4) You note that we provided no justification for using a two-state HMM, as opposed to another number of states. That’s true, and largely because of the limitations on length and complexity mentioned above.
That said, in previous analyses, we also fit a three-state HMM. The three-state model produced mean state estimates (in terms of fastball velocity added/subtracted) that were not substantially different than you would expect from the difference of state means in a two-state permutation-based fit of the model (more on this below). As a result of this, we believed three state models (and above) to be overfitting, and stuck with a two state model.It may be that three state HMMs fit some pitchers and not others. In the future, we may consider an extension of the model to deal with this possibility (i.e. Some pitchers are two-state and others are allowed three-states). But we were satisfied that the two state model was a significant advance, and focused on those results for our initial article.
5) Another of your criticisms relates to the lack of justification for selecting the two state model. You write (correctly) that a two-state HMM would find state differences, and therefore streaks, regardless of whether they were truly there. This is true. However, in order to guard against this, we randomly permuted the sequence of each pitcher’s fastballs and re-fit the HMM on the permuted data. We found that the permuted data generated differences between hot and cold states that were much smaller than we found in the real data. In addition, the transition matrices for these permuted sequences were close to .5 in each cell, meaning that states flipped randomly. In the real data, our transition matrices tended to feature fewer transitions between states, and much higher probabilities to remain within a state, resulting in much longer streaks.
6) Finally, we are disappointed in your summary of our article. We deeply respect your work both within and outside of sabermetrics, but we strongly disagree with the assertion that we structured our analysis around a headline. In fact, we killed one section of the article (on hitter performance) after we concluded that there wasn’t enough evidence.
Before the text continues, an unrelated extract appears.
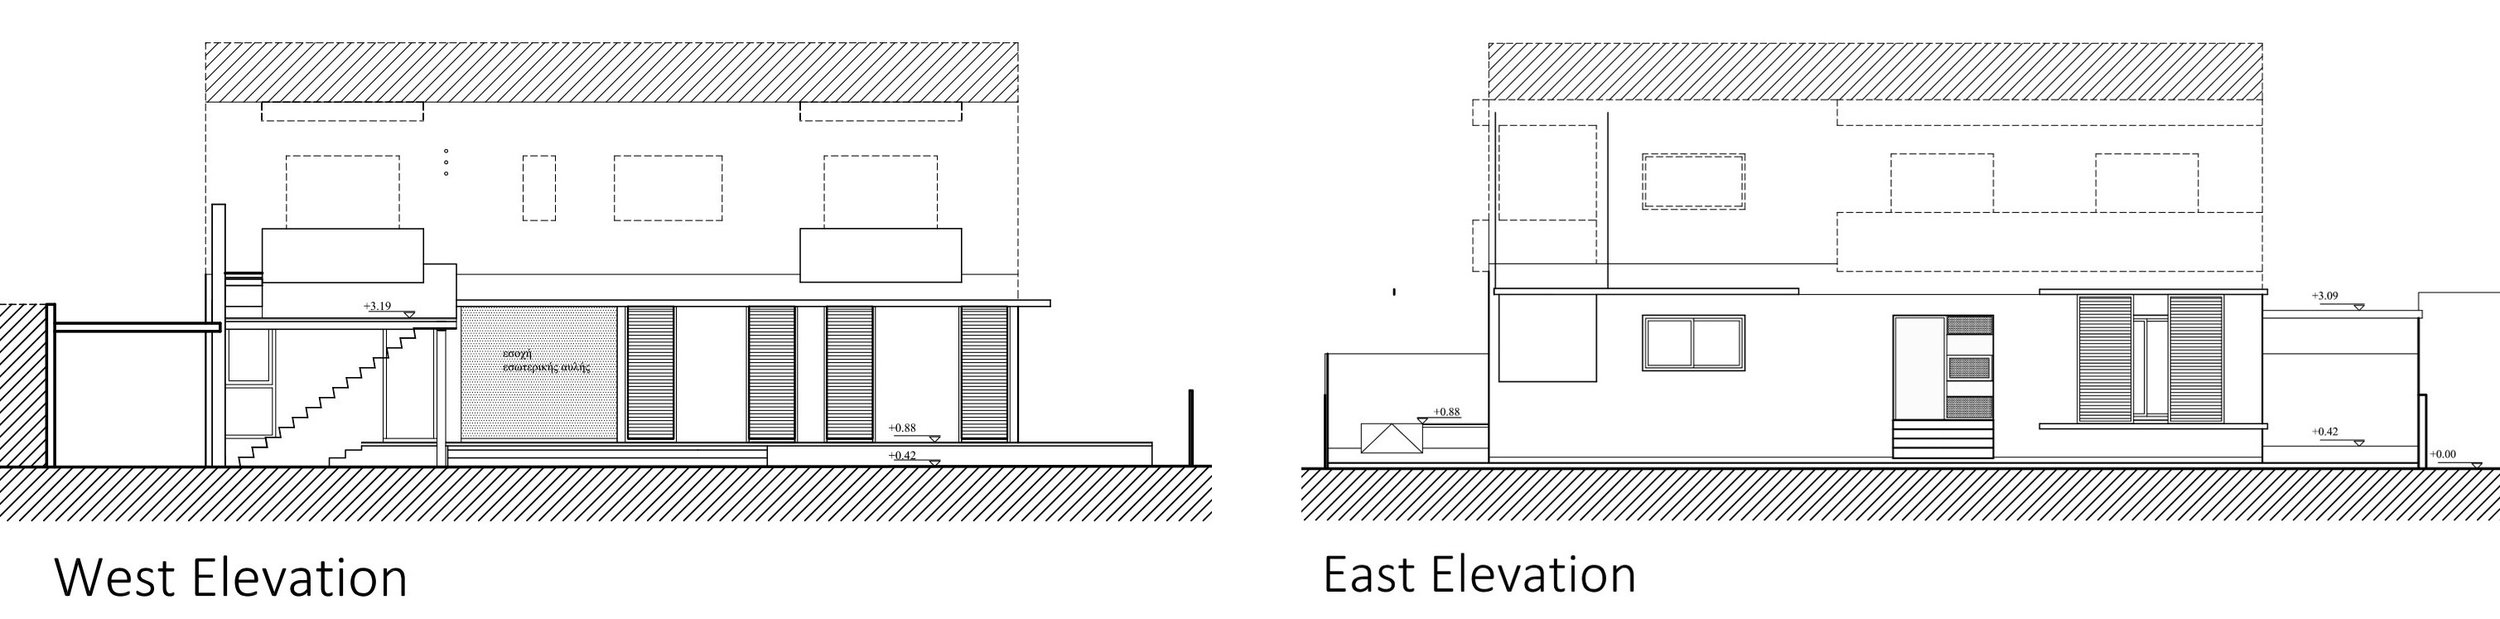 elevations new 3.jpg

With that said, we stand by our conclusions and note that many of the criticisms you made were addressed, in some form, within the article. Others arose from misunderstandings driven by the brevity of the article and the fact that it had to be addressed to a general audience. We intend to more fully describe the methodology and implement additional predictive checks and validation steps in an academic article we are currently preparing. In writing for a broad audience, we found it challenging to specify the model in a way that wouldn’t distract or discourage our readers. Necessarily, we struck a balance between statistical rigor and accessibility, and perhaps you believe we went too far towards accessibility.
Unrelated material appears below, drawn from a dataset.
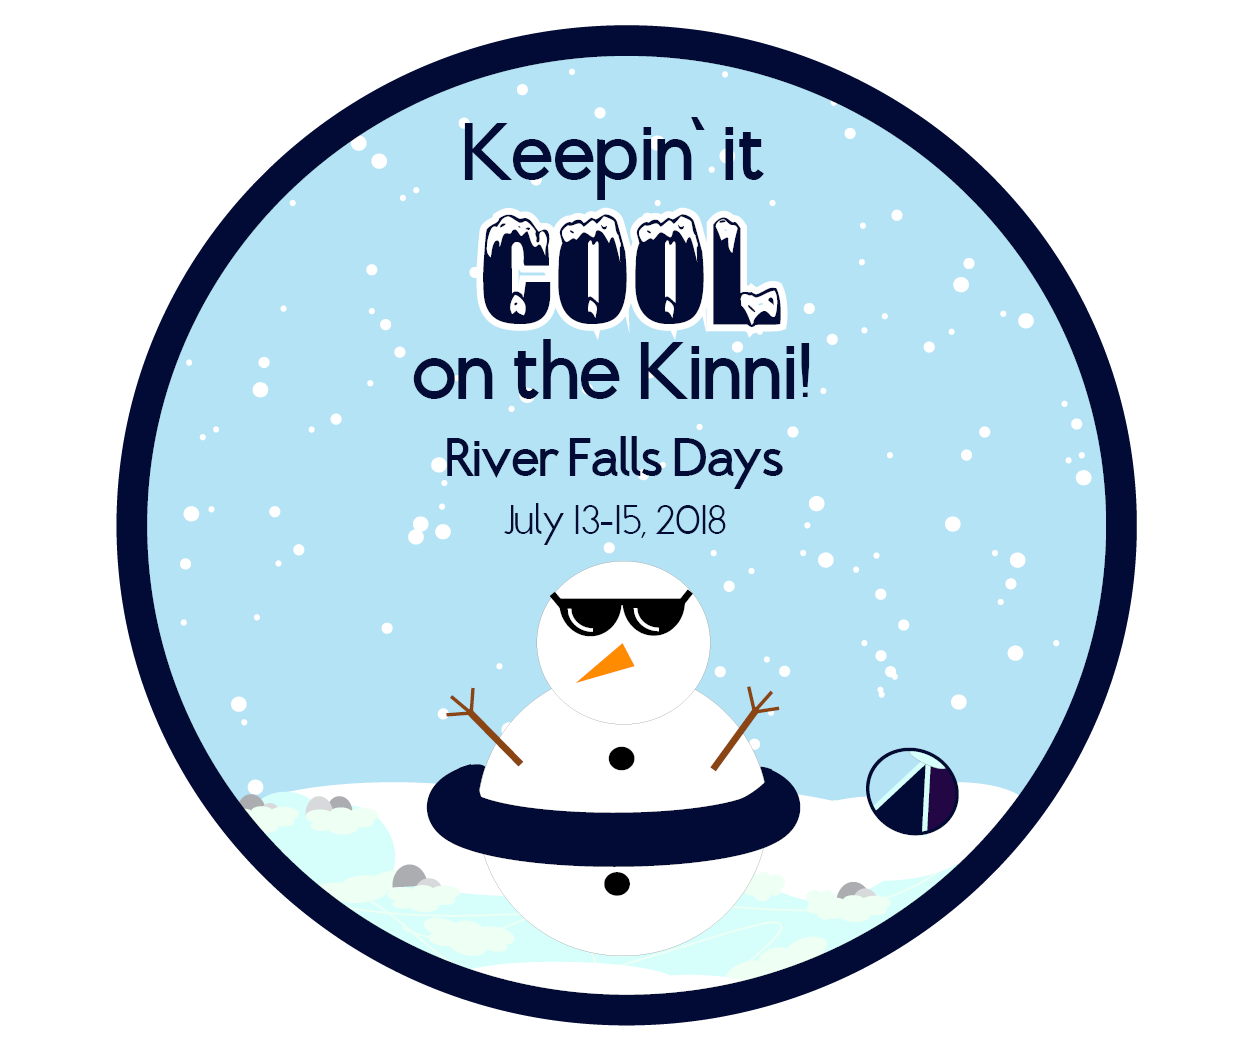 2018 River Falls Days

Respectfully, we disagree. For statistical analysis to reach the general public, we have to learn to communicate in an approachable fashion to people without extensive quantitative or mathematical backgrounds. That shouldn’t (and doesn’t need to) come at the cost of accuracy: Statisticians can communicate with each other at the same level of detail as before (as we have endeavored to do here, and will continue in our upcoming academic paper). But if every attempt to communicate findings to the general public is criticized because it lacks that rigor, we risk discouraging researchers from describing their work and its importance to those outside the statistical community.
We very much appreciate being given the chance to respond to your criticisms. Thank you, Jim.